Task objective:
Repeat the records below line by line, exactly, finishing on the line that contains "11-07-012. Микропереключатель MSW-21, 3pin, 1A, 125/250VAC".

=== Records shown ===

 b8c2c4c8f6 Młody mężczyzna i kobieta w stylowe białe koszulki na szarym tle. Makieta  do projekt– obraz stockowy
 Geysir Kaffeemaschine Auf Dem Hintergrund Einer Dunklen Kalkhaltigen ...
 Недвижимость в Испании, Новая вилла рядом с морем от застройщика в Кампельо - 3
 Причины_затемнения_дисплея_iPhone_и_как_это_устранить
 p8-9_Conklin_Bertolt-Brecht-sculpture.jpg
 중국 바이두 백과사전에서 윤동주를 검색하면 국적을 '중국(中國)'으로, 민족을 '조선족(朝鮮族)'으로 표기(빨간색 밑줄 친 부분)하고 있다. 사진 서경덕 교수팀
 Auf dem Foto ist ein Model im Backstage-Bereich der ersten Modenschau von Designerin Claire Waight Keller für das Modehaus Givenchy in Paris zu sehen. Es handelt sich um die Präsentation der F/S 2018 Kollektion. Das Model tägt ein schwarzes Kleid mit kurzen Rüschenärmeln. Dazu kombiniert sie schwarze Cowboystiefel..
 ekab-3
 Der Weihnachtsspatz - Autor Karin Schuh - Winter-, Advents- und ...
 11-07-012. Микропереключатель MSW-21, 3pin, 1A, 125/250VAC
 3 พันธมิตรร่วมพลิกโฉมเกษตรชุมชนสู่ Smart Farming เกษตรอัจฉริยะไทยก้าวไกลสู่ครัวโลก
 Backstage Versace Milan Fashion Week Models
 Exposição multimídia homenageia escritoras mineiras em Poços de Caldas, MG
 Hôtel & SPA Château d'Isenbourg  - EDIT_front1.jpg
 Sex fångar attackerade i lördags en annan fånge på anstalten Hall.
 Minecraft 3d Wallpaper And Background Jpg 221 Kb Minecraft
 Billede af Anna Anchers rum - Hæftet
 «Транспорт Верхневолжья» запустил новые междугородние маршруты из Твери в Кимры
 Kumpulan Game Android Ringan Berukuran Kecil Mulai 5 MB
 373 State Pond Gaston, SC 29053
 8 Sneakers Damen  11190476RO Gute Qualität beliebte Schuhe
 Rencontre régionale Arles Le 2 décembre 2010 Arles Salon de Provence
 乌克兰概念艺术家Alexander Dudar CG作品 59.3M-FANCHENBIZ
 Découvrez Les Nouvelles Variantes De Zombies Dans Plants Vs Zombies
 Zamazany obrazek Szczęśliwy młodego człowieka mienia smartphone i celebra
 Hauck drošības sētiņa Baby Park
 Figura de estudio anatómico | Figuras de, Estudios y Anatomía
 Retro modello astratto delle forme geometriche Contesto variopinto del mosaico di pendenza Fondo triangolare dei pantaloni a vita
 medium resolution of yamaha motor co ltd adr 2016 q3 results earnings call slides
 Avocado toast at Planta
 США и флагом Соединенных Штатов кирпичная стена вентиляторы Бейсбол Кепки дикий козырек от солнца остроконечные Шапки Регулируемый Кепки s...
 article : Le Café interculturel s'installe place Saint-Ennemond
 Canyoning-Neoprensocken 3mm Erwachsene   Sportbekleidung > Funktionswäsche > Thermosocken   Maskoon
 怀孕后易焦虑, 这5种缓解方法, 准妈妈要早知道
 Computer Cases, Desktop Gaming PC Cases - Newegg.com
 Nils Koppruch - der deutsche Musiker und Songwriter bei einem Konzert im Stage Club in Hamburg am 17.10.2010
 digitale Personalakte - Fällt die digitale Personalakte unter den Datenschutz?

===

Task result:
 b8c2c4c8f6 Młody mężczyzna i kobieta w stylowe białe koszulki na szarym tle. Makieta  do projekt– obraz stockowy
 Geysir Kaffeemaschine Auf Dem Hintergrund Einer Dunklen Kalkhaltigen ...
 Недвижимость в Испании, Новая вилла рядом с морем от застройщика в Кампельо - 3
 Причины_затемнения_дисплея_iPhone_и_как_это_устранить
 p8-9_Conklin_Bertolt-Brecht-sculpture.jpg
 중국 바이두 백과사전에서 윤동주를 검색하면 국적을 '중국(中國)'으로, 민족을 '조선족(朝鮮族)'으로 표기(빨간색 밑줄 친 부분)하고 있다. 사진 서경덕 교수팀
 Auf dem Foto ist ein Model im Backstage-Bereich der ersten Modenschau von Designerin Claire Waight Keller für das Modehaus Givenchy in Paris zu sehen. Es handelt sich um die Präsentation der F/S 2018 Kollektion. Das Model tägt ein schwarzes Kleid mit kurzen Rüschenärmeln. Dazu kombiniert sie schwarze Cowboystiefel..
 ekab-3
 Der Weihnachtsspatz - Autor Karin Schuh - Winter-, Advents- und ...
 11-07-012. Микропереключатель MSW-21, 3pin, 1A, 125/250VAC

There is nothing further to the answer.